Solve the system 2x+2y+z=-2 -x-2y+2z=-5 2x+4y+z=0

1 answer:

8 0

The values of (x,y,z) are (3,-1,-2) , if the given are equations $2x+2y+z=- 2$ , $-x-2y+2z=-5$ and $2x+4y+z=0$ .

Step-by-step explanation:

The given is,

$2x+2y+z=- 2$ .......................................(1)

$-x-2y+2z=-5$ ......................................(2)

$2x+4y+z=0$ .........................................(3)

Step:1

Equation (2) is multiplied by -1 ( Eqn(2) × -1 )

$x+2y-2z=5$ .............................(4)

Subtract the equation (1) and (4)

$2x+2y+z=- 2$

$x+2y-2z=5$

( - )

$(2x-x)+(2y-2y)+(z+2z)=(-2-5)$

$x+3z=-7$ ......................(5)

Step:2

Equation (2) is multiplied by -2 ( Eqn(2) × -2)

$2x+4y-4z=10$ ........................(6)

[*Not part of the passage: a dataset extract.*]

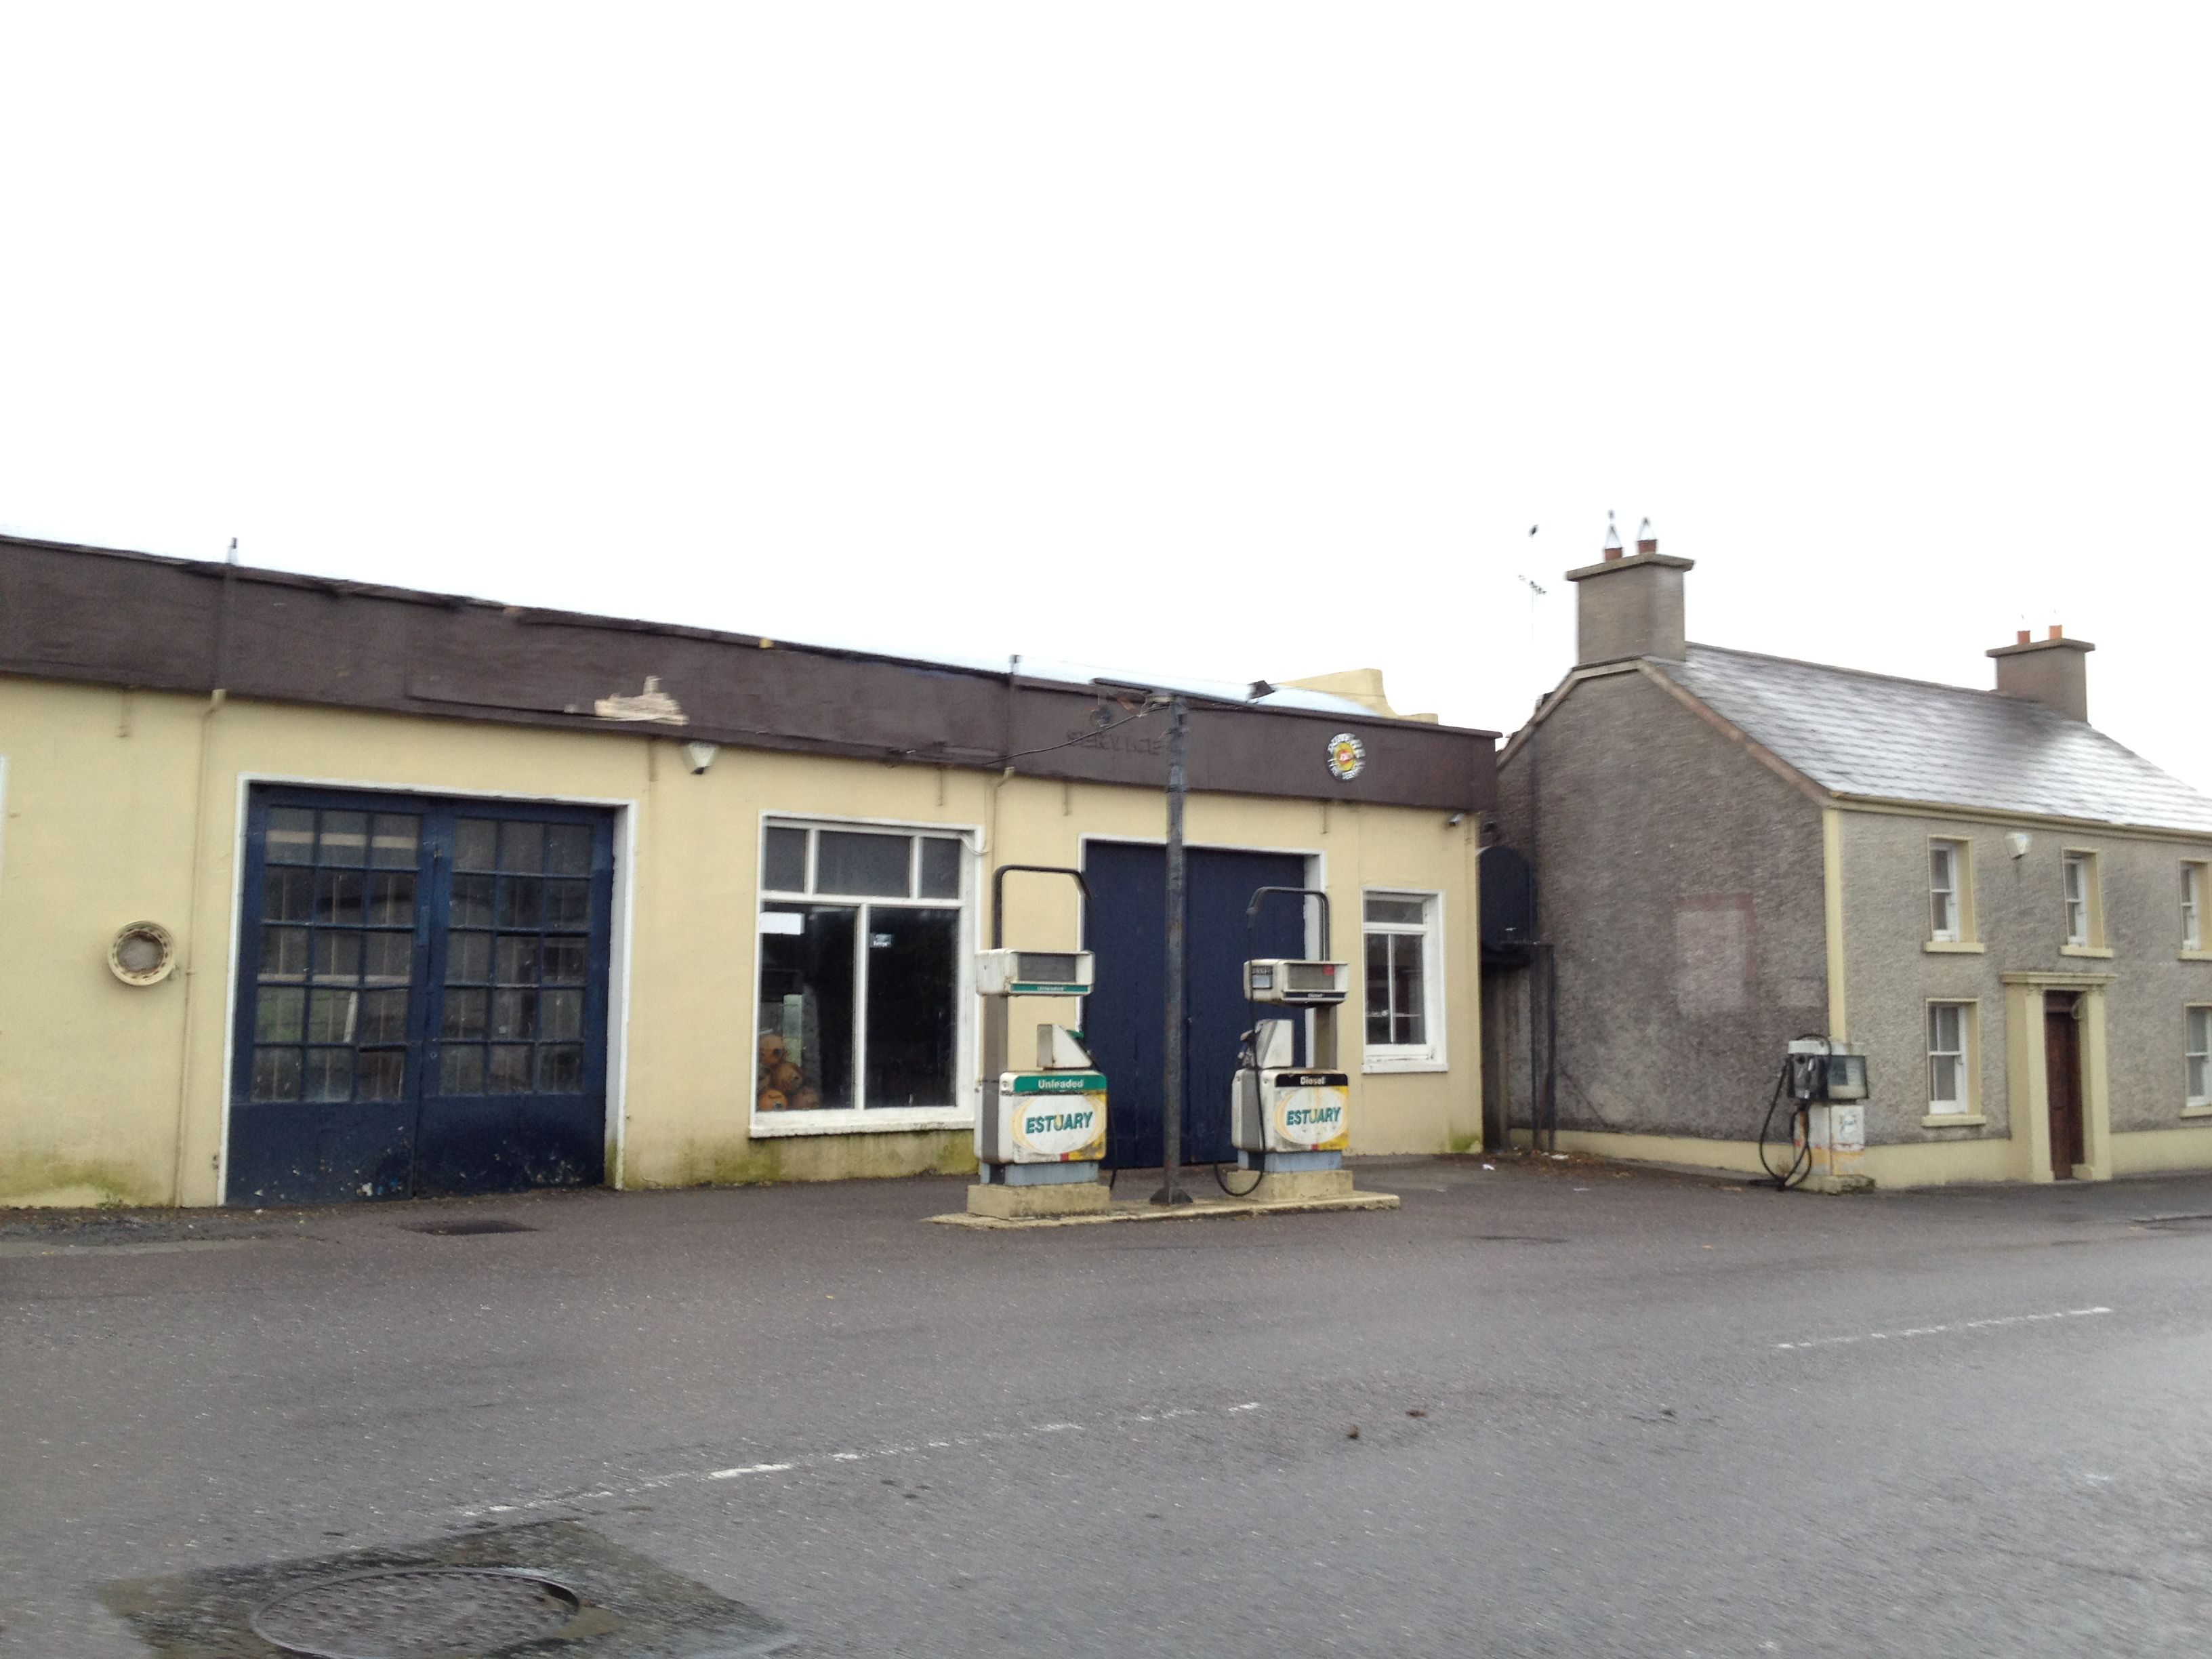 Old petrol station .Ireland | Old pumps | Pinterest

Subtract equation (6) and (3),

$2x+4y-4z=10$

$2x+4y+z=0$

( - )

$(2x-2x)+(4y-4y)+(-4z-z)= (10-0)$

$-5z=10$

$z = - \frac{10}{5}$

z = -2

From the equation (5),

$x+3z=-7$

$x+(3)(-2)=-7$

$x = -7+6$

x = -1

From equation (1),

$2x+2y+z=- 2$

Substitute x and z values,

$(2)(-1)+2y+(-2)=-2$

$2y - 4=2$

$2y=4-2$

$2y=2$

$y=\frac{2}{2}$

y = 1

Step:3

Check for solution,

$-x-2y+2z=-5$

Substitute x,y and z values,

$-(-1)-(2)(1)+(2)(-2)=-5$

$1-2-4=-5$

-5 = -5

Result:

The values of (x,y,z) are (3,-1,-2) , if the given are equations $2x+2y+z=- 2$ , $-x-2y+2z=-5$ and $2x+4y+z=0$ .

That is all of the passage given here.